What you are missing here is how the Common Lisp reading and evaluation works.

When you give CL text, e.g., 

(apply (first '(numberp)) '(17))

the reader (you can invoke it yourself!) parses it into the following list:

(apply (first (quote (numberp))) (quote (17)))

(note that ' is just syntactic sugar for quote) which is then evaluated like this:

  1. take the function binding of the first element of the list, apply
  2. evaluate the second list element:
    1. take the function binding of first
    2. evaluate the second list element:
      • since it is quoted, take it as is, get list of length 1 with element numberp
    3. apply first to that list, get numberp
  3. evaluate the 3rd list element:
    • since it is quoted, it is just the thing under quote, i.e., list of length 1 with element 17
  4. apply the first function (apply) to the arguments, i.e., apply the (function binding of) numberp to the list of one element - 17.

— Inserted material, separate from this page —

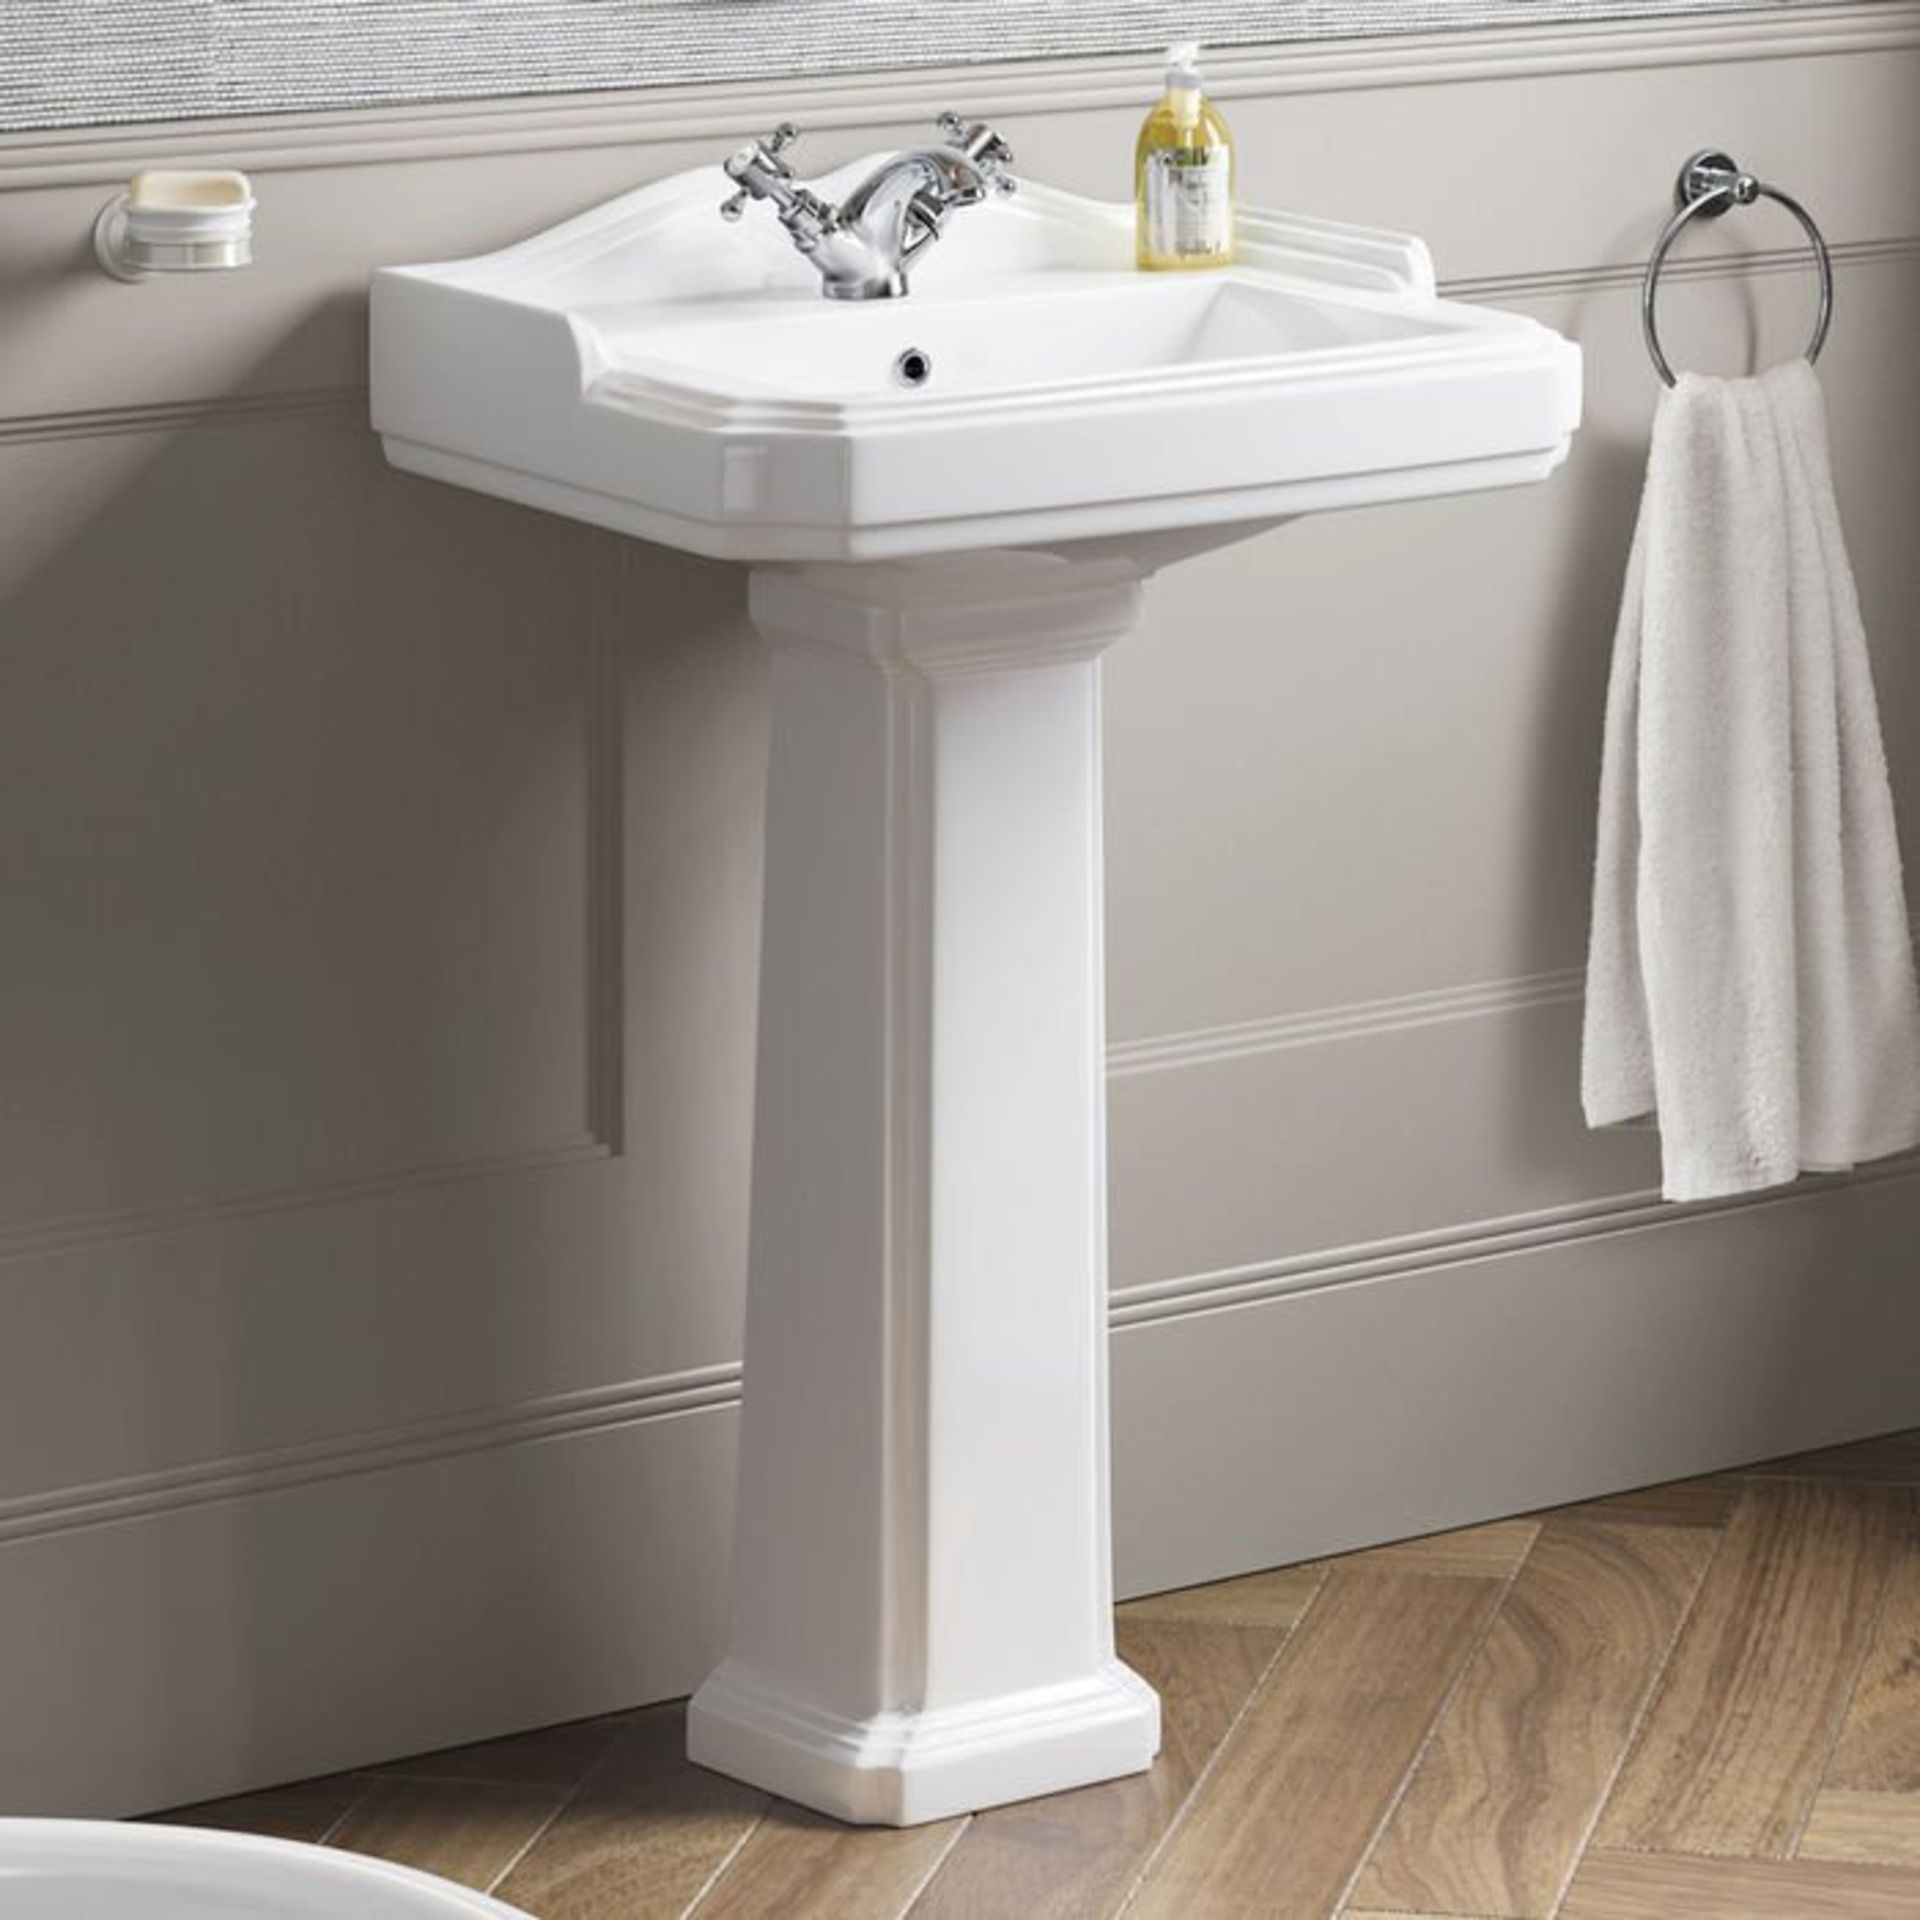 (H78) Victoria Basin & Pedestal - Single Tap Hole RRP £178.99 Made from White Vitreous China and

Your 2nd form differs from the 1st in that you have symbol numberp which is evaluated as a variable and thus you get your error.

In your 3rd form you use #'numberp which the reader transforms to (function numberp) which returns a function value which can be applied to the list.

In short, this is the result of Common Lisp being Lisp-2.

You might also find When to use 'quote in Lisp instructive.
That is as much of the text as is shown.